Towering over and smiling with this great group of friends in Atlanta. (Notice the “tall” one next to SBS is wearing heels.)

So SBS and I have been on the road quite a bit, and here’s the thing: I love, love, love meeting mother runners; listening to stories about victories (and occasional injuries); cheering at races; and hearing, “I’ve never felt this short before,” as somebody gets sandwiched between us for a picture. I am definitely not complaining about how fortunate I am to have this be my job.

But here’s the other thing: I suck at traveling. The actual act of extracting myself from my everyday life–packing, making sure the fridge is filled, playdates are made, flute lessons are remembered–then folding myself into a seat made for somebody who 5’4″ and hurtling through time zones with no snacks to be had unless I remembered them myself (not likely) is just extremely unpleasant. I try to make it better by remembering snacks, downloading podcasts (not our own), and trying to relax, but it doesn’t come easy. Sarah always talks about how well she slept on the flight; I can’t remember the last time I slept, unless you count about 10 neck-jerking minutes in a vague haze on the way home from Kansas City in March.

And coming home? Although the packing part is easier–if you brought it, bring it home–the actual re-entry is as bumpy as a typical plane landing in mountainous Denver. There is none of the unpacking time I used to enjoy, oh, 10 years ago, when I could kind of reset and realign with the routine. The kids often greet me as I drive down the street, and are with me, meltdowns and all, until my bedtime, which is often earlier than theirs when I return from a trip. Seriously, 8:15 isn’t too early when I’ve been on the road all day.

This looks fairly accurate, although these seats look more comfortable than ones I’ve seen lately.

This jetting around takes a serious toll on my body and energy. Sarah is so much more resilient than I am; she got up Monday, this morning, after four whirlwind days in Minneapolis and sent out a boatload of shirt orders and then proceeded to have a crazy productive day. I could barely make my kids lunches, let alone conquer any work. I had one story due today, and thankfully, it was 90% done when I went to “work” on it. I had to print out at least four times to read it again and again make sure I didn’t forget a word. (Spelling and grammar check can only get you so far.)

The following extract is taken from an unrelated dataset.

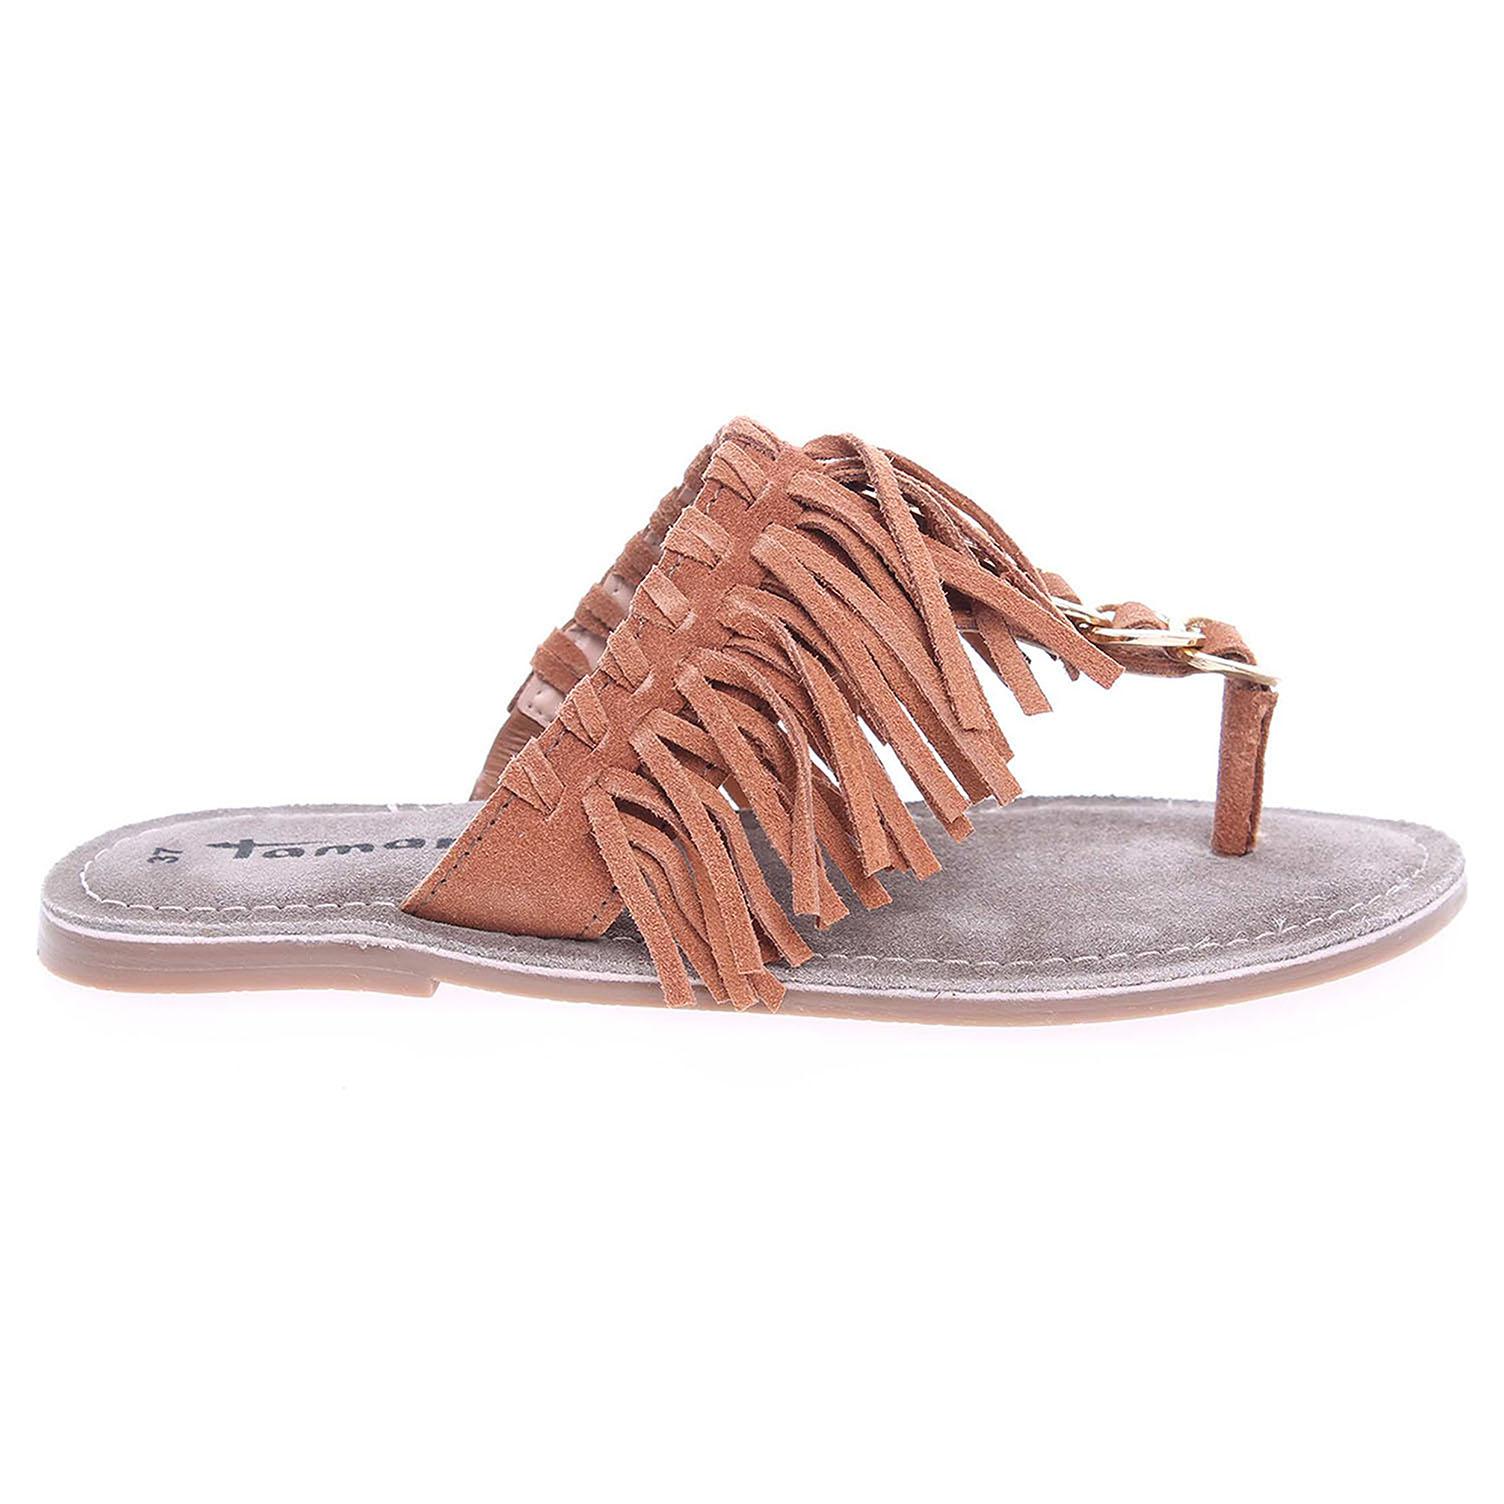 Ecco Tamaris dámské pantofle 1-27136-36 hnědé 23600736

No matter how well I try to “pace myself” over a weekend, I always crash and feel like a zombie by the time I’m checking my bags to get home. Here’s what I feel like I do right:
1. Hydrate. Sarah and I are never without our Camelbak bottles filled with nuun.
2. Eat fairly well. We try to stock up on fruits and other good snacks like nuts for expos. Sure, there’s the occasional pound bag of pretzel M&M’s, but they’re consumed by both of us over the course of a couple of days. (Okay, I consume 80% of them, but it truly is a couple of days.) I try to eat a salad at least once a day and always opt for the veggie option (at a pizza place, at Subway) when possible.
3. Limit my alcohol. I definitely like a beer after being on my feet for the day, but it’s one beer, and I’m done.
4. Take probiotics. This is fairly new–I started about two weeks ago–but it’s working so far. Need to keep the intestines happy and things moving along instead of feeling clogged, so to speak.

Here’s what I can use help on:
1. Sleep. I know I need at least 8 hours, and try to get that. But I like to sleep in fresh air and my own bed, not a air conditioner that hums on and off and a bed that just doesn’t feel quite right.
2. Pacing myself. No matter how hard I try to pace my AMR weekends the way I know I should race, I get so excited that I think I use up all my energy on the first day/mile. Say I have 20 candles of energy to burn and we’re doing stuff for 2.5 days; I should burn about 8, and 8, then 4. Instead, I go about 17, then 2, then 1. Same way I think I can run 8-minute splits for a half-marathon, even though I’ve been training at a 9:30 pace.
3. Being more engaged when I get home. I know my kids and husband have missed me, but all I can think about is taking care of myself.

Although this post is definitely self-centered–waah! help me travel!–what I’m asking for isn’t very different than what any runner who travels for an important race needs. Namely, to minimize the disturbances on their diet, sleep, and mentality so they can bring out the best in themselves. So I’m turning to you, readers, for ideas you use or have heard about for making traveling easier. How do you minimize the turbulence, so to speak, when you travel?